The superficial and deep sylvian veins are key structures for achieving a wide opening of the sylvian fissure. A distal part of the sylvian fissure shows anatomically complicated venous drainage to achieve a wide sylvian opening. Frigeri et al.[ 2 ] demonstrated that the frontosylvian, temporosylvian, and parietosylvian veins all join into SSV at the distal sylvian fissure. In addition, the insular veins ascend vertically from the deep sylvian fissure and are three-dimensionally anastomosed to SSV.[ 6 ] There are five to six sylvian veins on each frontal and temporal lobe, and a few of them are flowing into SSVs. ICG videoangiography can detect the tributaries entering SSV. Furthermore, the tributaries from the insula are occasionally recognized as presented in Figure 1 . However, it is unfortunately difficult for ICG videoangiography to observe all deep venous drainages before dissection. In spite of the limitations in the detection of the surface of the sylvian veins, ICG videoangiography provides the neurosurgeon with information on the surface anatomy of SSV.

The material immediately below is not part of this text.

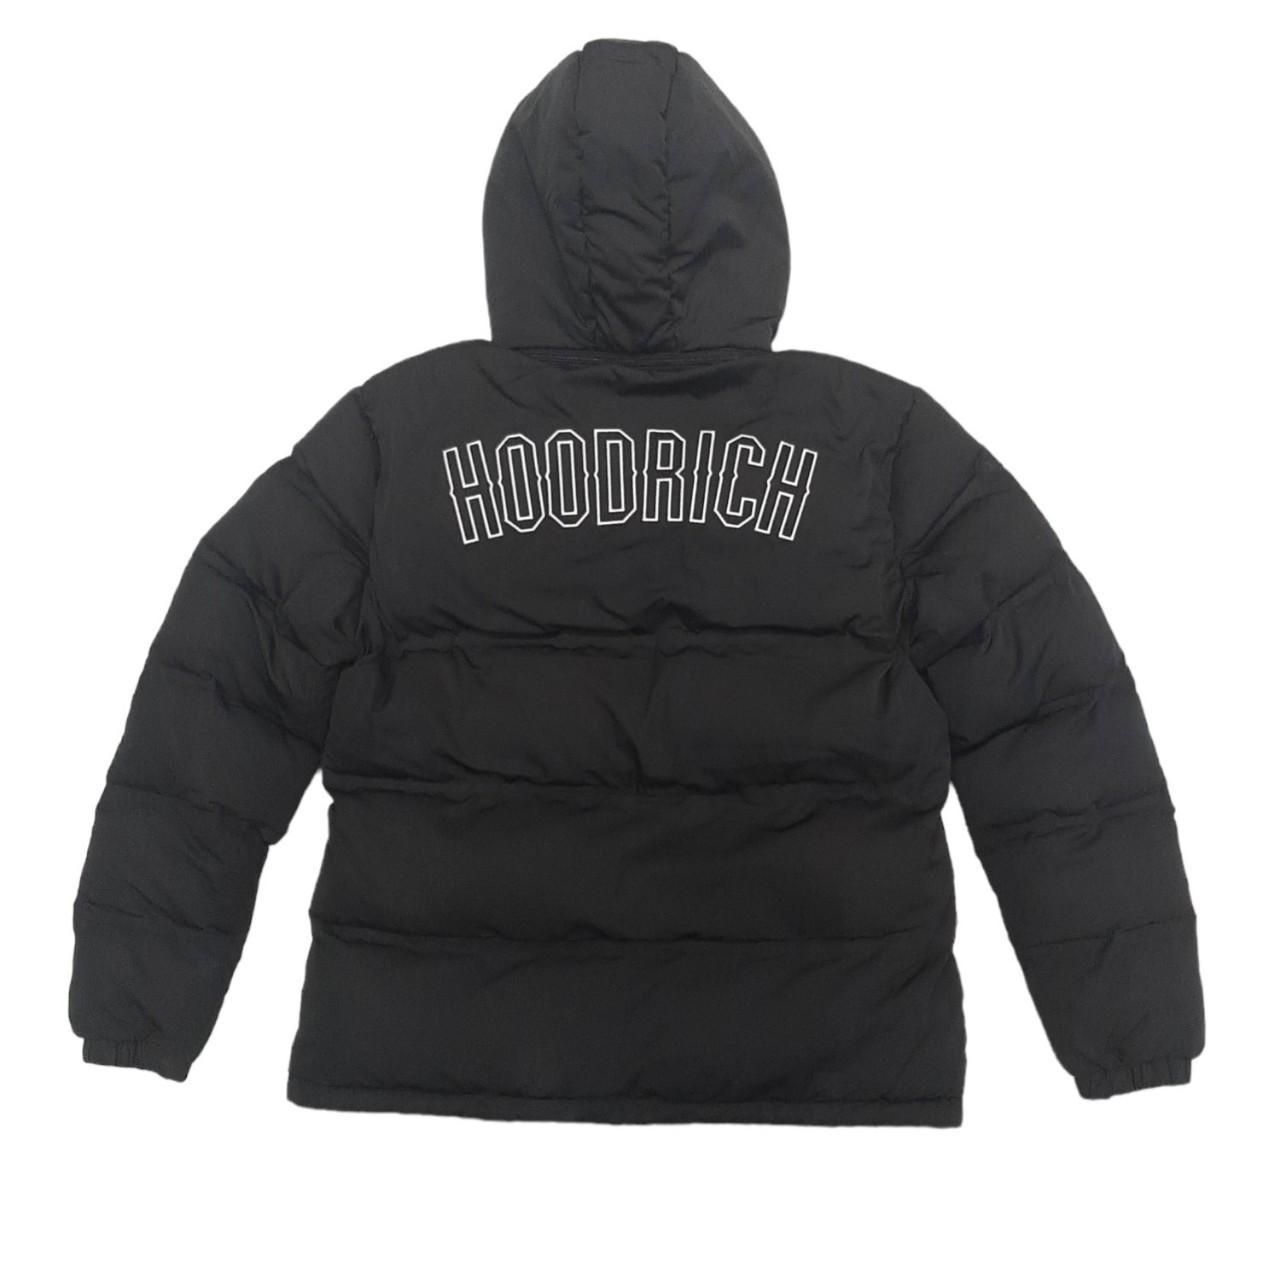 Hoodrich OG stack jacket XL size but fits like a... - Depop

The cerebral vein is easily damaged due to its relatively thin walls, thus meticulous manipulation is required to preserve these veins during sylvian dissection and avoid causing brain swelling and venous infarction. The risk of injury to the vein, however, increases in patients with SAH because SSV is barely distinguishable within SAH, and the adhesion among the veins, arachnoid, and pia mater on the bulging brain surface makes dissection difficult. The application of ICG in the visualization of venous circulation has been reported with regard to predicting venous sacrifice[ 1 ] or confirming the arterial and venous vessel architecture in cases of arteriovenous malformation.[ 8 ] Its use to confirm the anatomy of the SSV to assist in facilitating the wide opening of the sylvian fissure has not yet been well described. There are, in general, three patterns of managing the SSV: Dissection on the frontal or temporal side, or complete skeletonization where SSV is detached from both sides.[ 3 7 ] ICG videoangiography assists the neurosurgeon in determining a strategy for dissecting the SSV, which functions as an entrance into the deep brain area, at the beginning of the dissection.


The performance of ICG videoangiography before dissection may help reduce the incidence of accidental injury of the veins in the sylvian fissure. The authors hope that this method will be widely utilized at the beginning of sylvian dissection.